• [PROVIDED DATA]
════════════════════

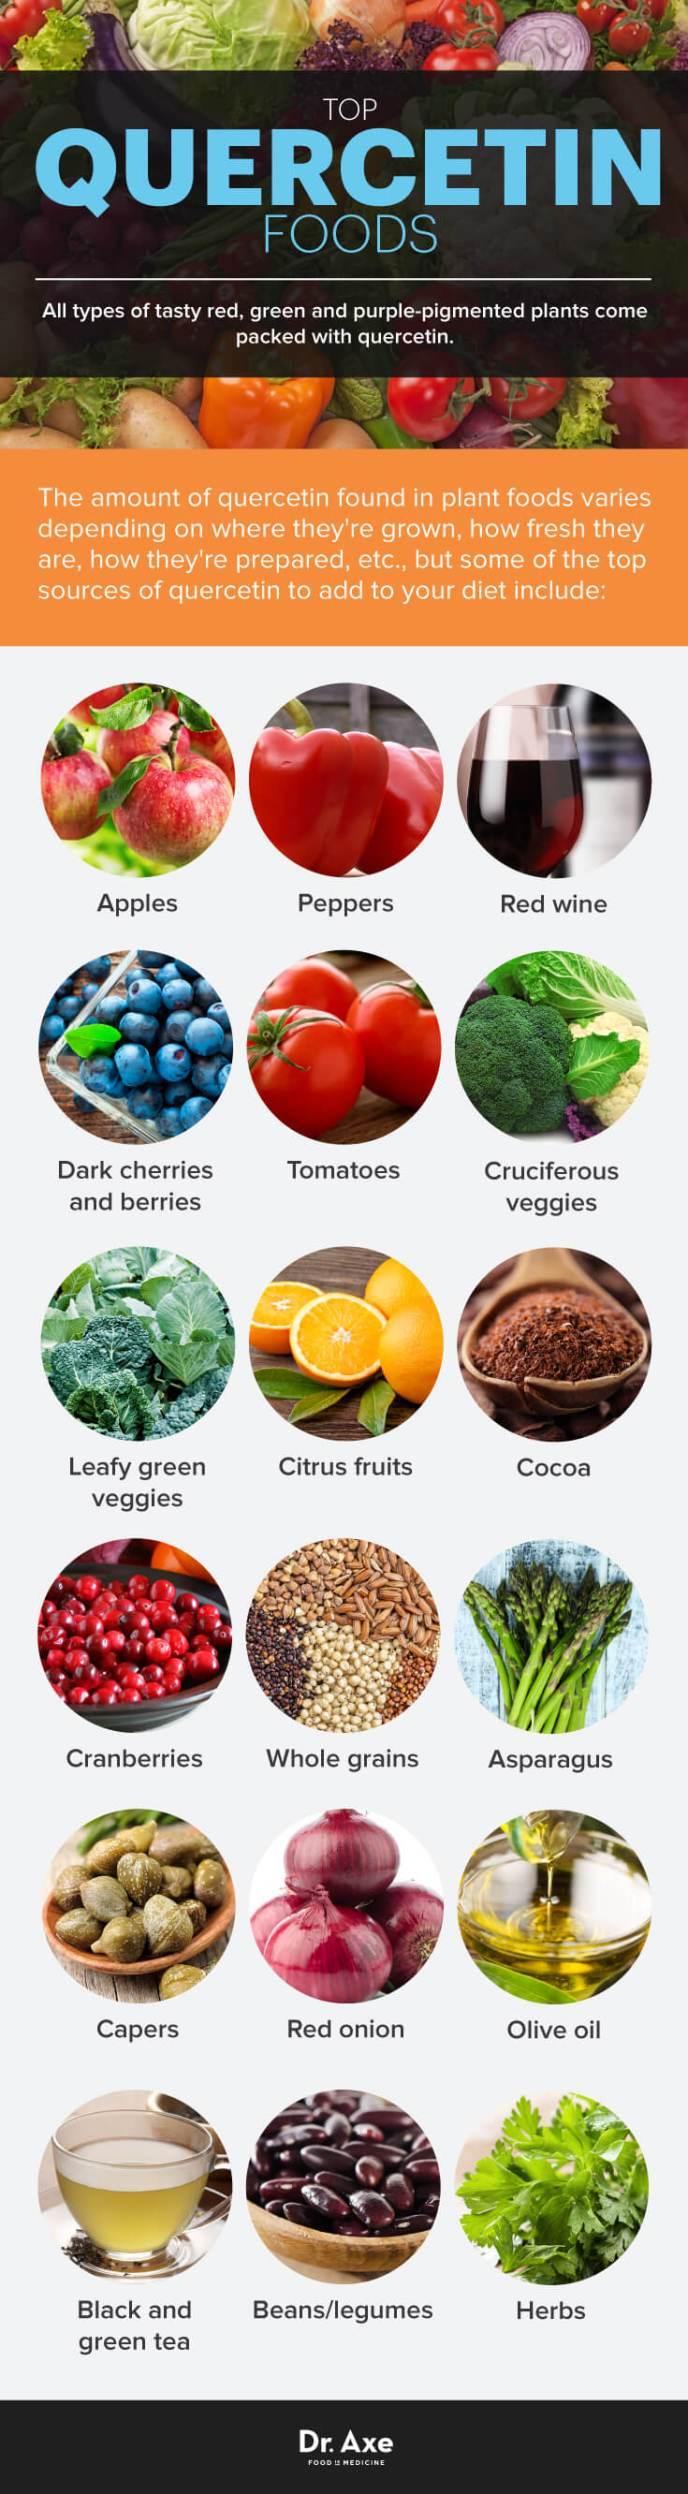 Quercetin foods - Dr. Axe
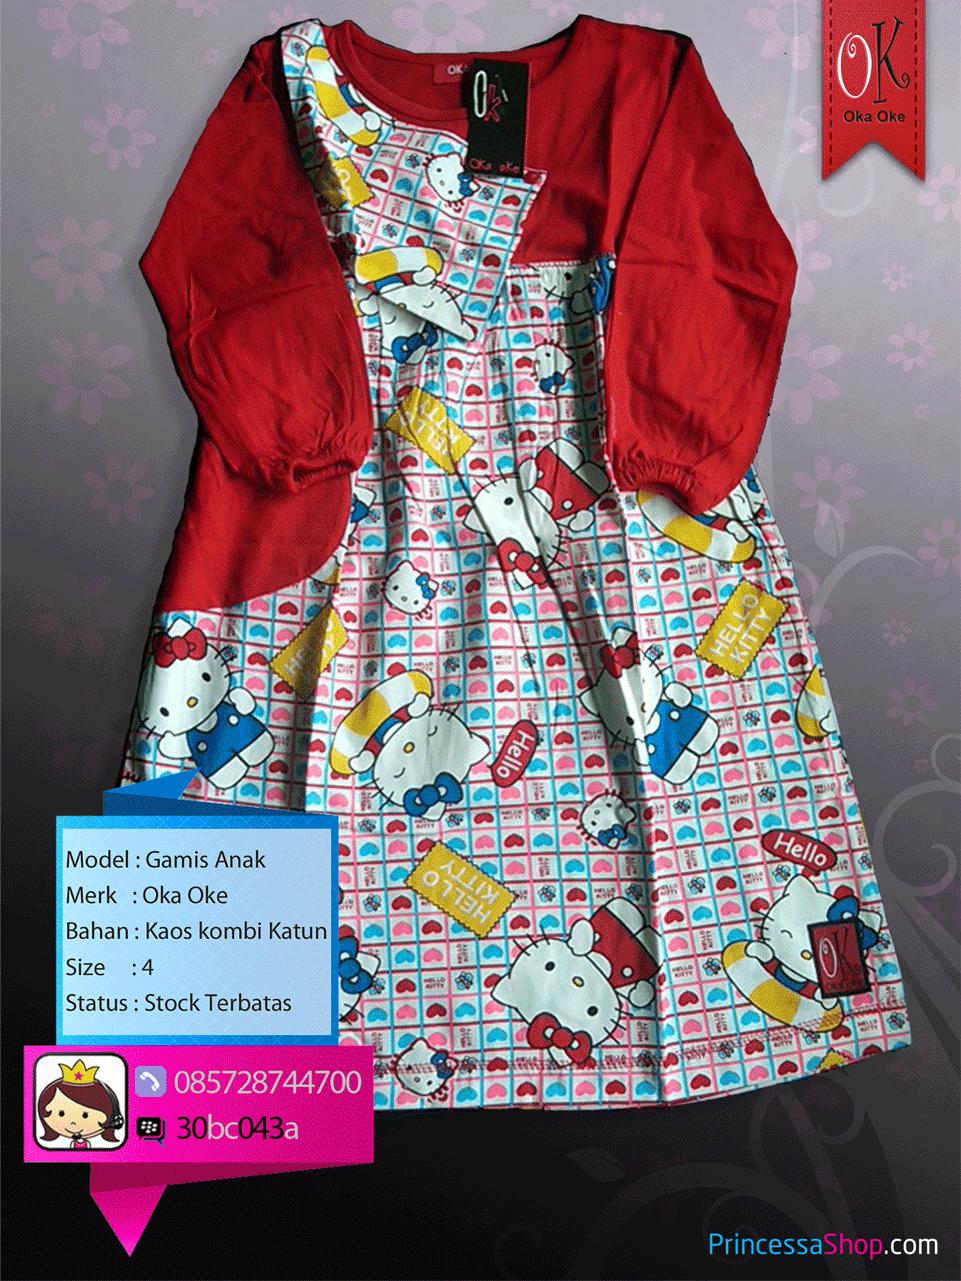 gambar baju muslim anak perempuan 1 2 3 4 tahun andra saputra baju muslim untuk anak 1 tahun,Model Baju Muslim Anak 1 Thn
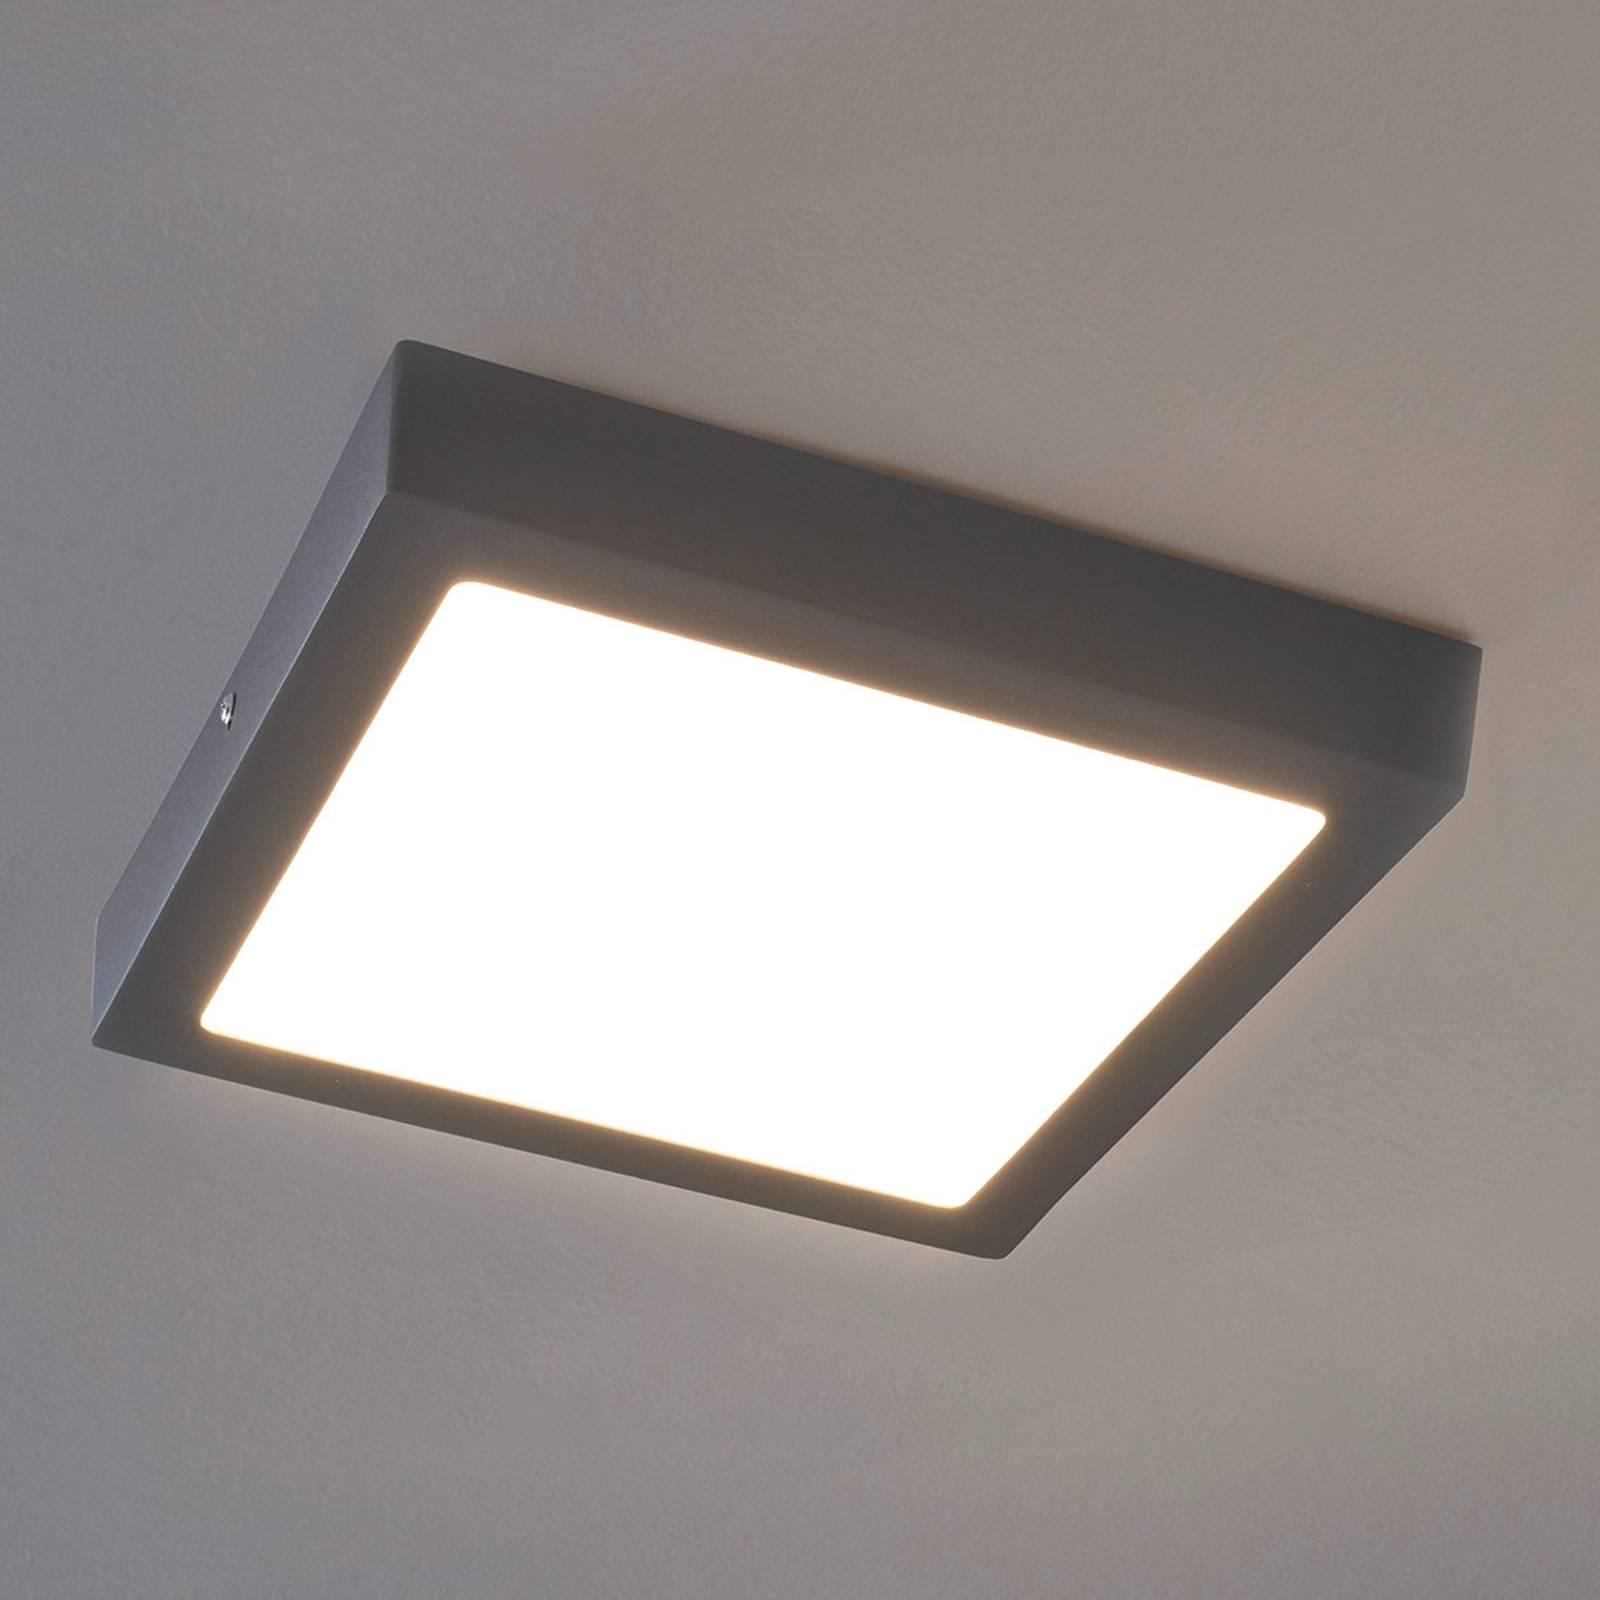 LED-kattovalaisin Argolis ulkokäyttöön
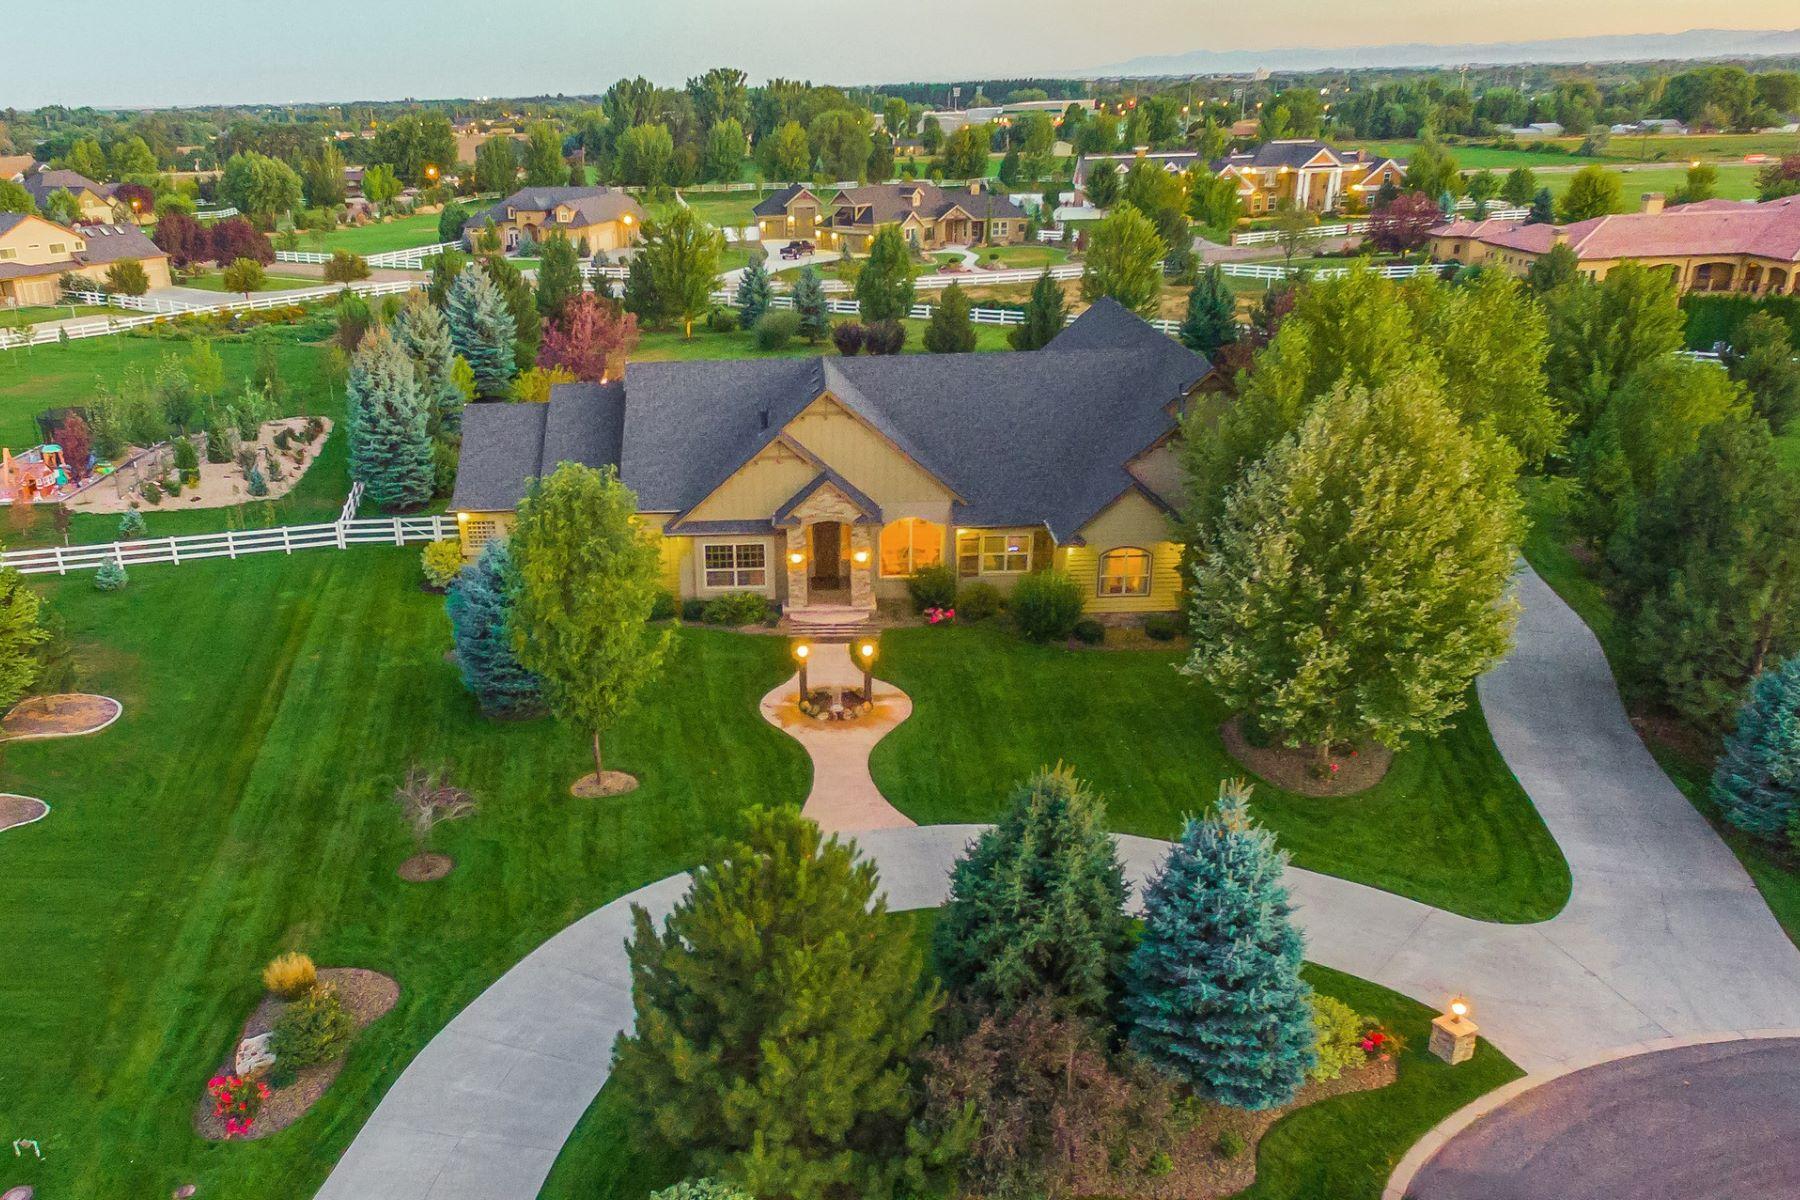 Casa Unifamiliar por un Venta en 3665 Fieno Court, Eagle 3665 W Fieno Ct Eagle, Idaho 83616

════════════════════

Keep every word of the material exactly as given. Drop the pictures.

• [THE COMPLETED TASK]
 Quercetin foods - Dr. Axe
 gambar baju muslim anak perempuan 1 2 3 4 tahun andra saputra baju muslim untuk anak 1 tahun,Model Baju Muslim Anak 1 Thn
 LED-kattovalaisin Argolis ulkokäyttöön
 Casa Unifamiliar por un Venta en 3665 Fieno Court, Eagle 3665 W Fieno Ct Eagle, Idaho 83616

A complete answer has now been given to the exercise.